Meeting criteria for safety and efficacy, as it turns out, is very different from being safe and effective. Safe implies to me that there are no serious risks, or even quasi-serious risks. It implies trustworthiness. Effective implies a predictable effect -- reliability and consistency. It means if you take it, it will work. Any other definition dilutes the meaning of the word.

Yet the CATIE study demonstrated that at least for adults there were many problems with serious adverse effects, including metabolic syndrome, which includes obesity, diabetes, hypercholesterolemia and hyperlipidemia, neurologic effects, including Parkinsonian effects, dystonic reactions, akathisia and permanent neurologic damage in the form of tardive dsykinesia, and various other problems, including cardiac arrhythmia and neuroleptic malignant syndrome, the latter a rare but potentially life threatening reaction to neuroleptic medicines. The drop out rate was so high in the CATIE study that the effectiveness had to be measured in days on the medicine until relapse occurred. In other words, during the study, almost all the patients relapsed-- it was just a matter of how long it took.

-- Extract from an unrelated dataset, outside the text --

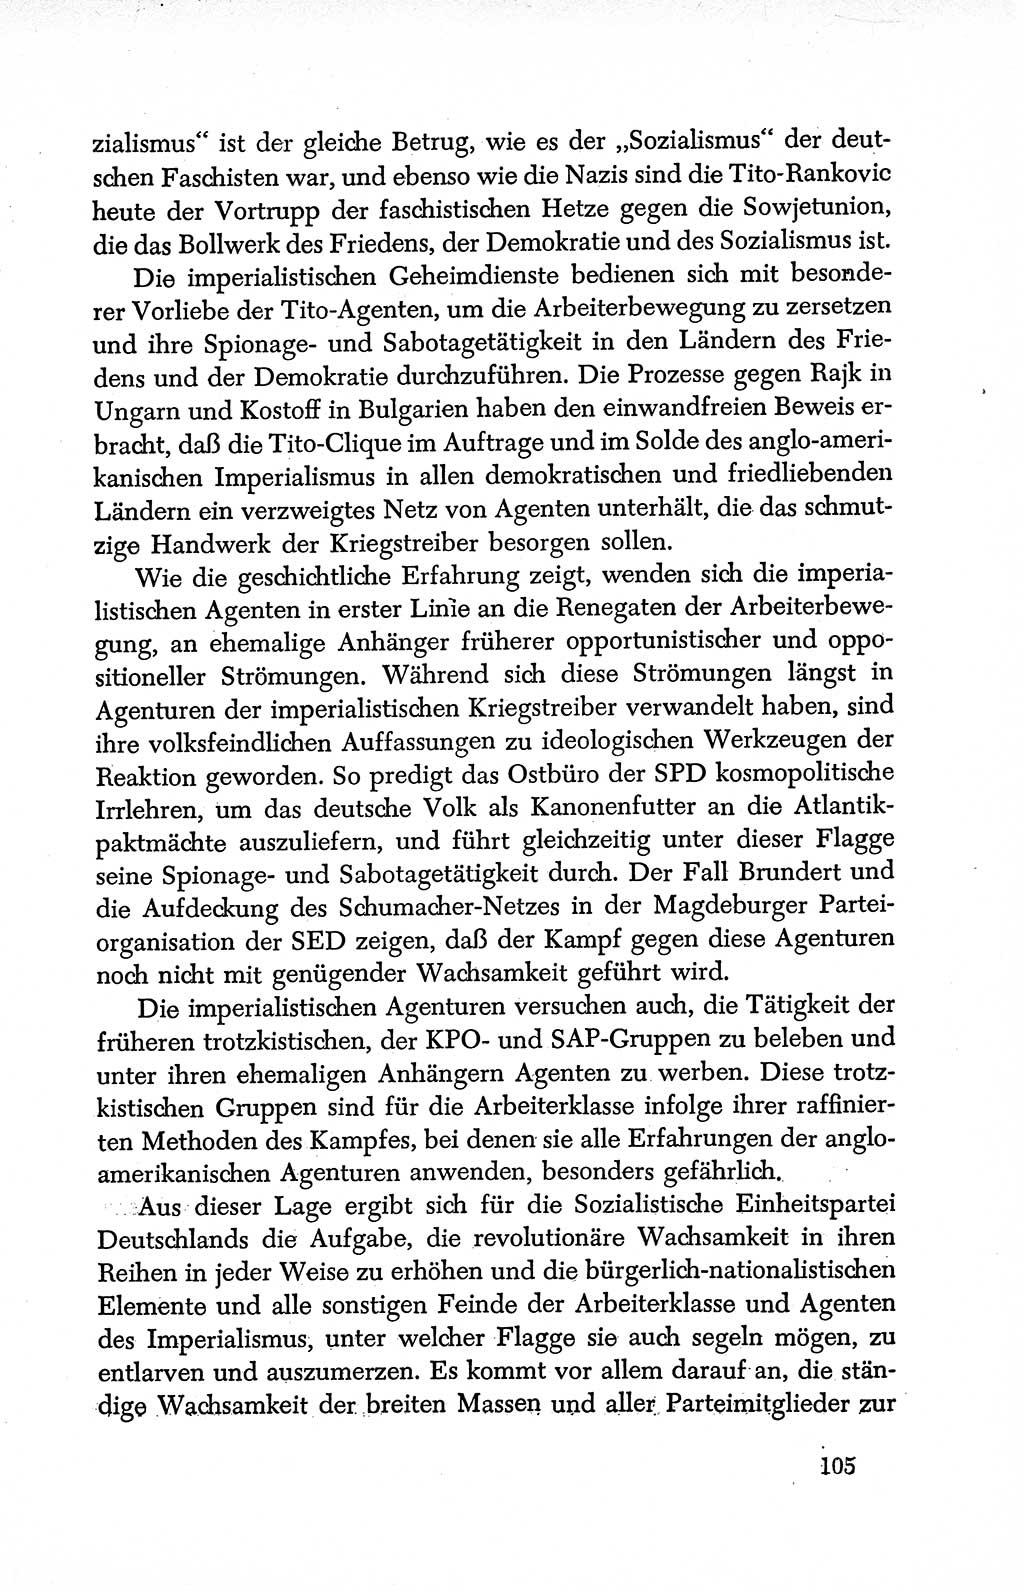 Dokumente der Sozialistischen Einheitspartei Deutschlands (SED) [Deutsche Demokratische Republik (DDR)] 1950-1952, Seite 105 (Dok. SED DDR 1950-1952, S. 105)

The medicines are described as safe and effective for "short-term" treatment of bipolar disorder and schizophrenia, both of which are considered to be chronic illnesses. How useful is it to have Insulin available for the "short-term" treatment of diabetes? Does the committee really think that these drugs are going to be used only for the short term? How can we not avoid concluding from what has been written that children are going to be exposed to the dangerous long term effects of these medications?

I am not happy about anyone -- children or adults -- being exposed to the risks of hazardous treatments, especially when safer treatments may be available, such as homeopathy. What gets my goat however, is less the use of these risk-prone and at best partially effective treatments, than the misrepresentation of these drugs by the FDA, by physicians, by drug companies and their representatives, and by the advertising industry. They are called safe when they are not safe (they merely have met safety criteria, which seem to be consistent with something less than mass extermination of all the research subjects, but is certainly far worse than is likely to be believed). They are considered effective when their effectiveness is often partial, temporary, or absent. True, these drugs can work wonders for some individuals, who inexplicably appear to be insensitive to the side effects, and sensitive to the positive effects, but these numbers are in actuality a small minority.

Are the people promoting these drugs evil or deluded or what? I believe that those responsible for misrepresenting unsafe and only partially effective drugs to the public mean well. They are guilty of over-valuing drugs because of their sincere wish to make available to the public tools of potential use for improving health. To some extent they may be guilty of allowing themselves to be influenced by the pharmaceutical industry, which clearly has a pecuniary as well as eleemosynary interest in seeing these drugs succeed. And these drugs do have some potential value. Unfortunately, by focussing excessively on the potential value and minimizing the potential harm, the FDA, the pharmacuetical industry and the medical establish continue to place those of us who are willing to take their pronouncements at face value at risk for serious health problems. These drugs cost a lot of money and the harm they cause is very expensive too, so this is not a mistake to be taken lightly. Ultimately, it is a betrayal of the trust we have placed in government and in physicians to carefully protect the welfare of the public, and to first do no harm.

We will continue to see more and more drugs and medical devices removed by the FDA or given black box warnings as the overly optimistic and ultimately disingenuous ballyhoo around these medical interventions gives way to a more frightening and sober realism. What a shame for those who have to endure such harm. What a shame to allow it to happen in the first place.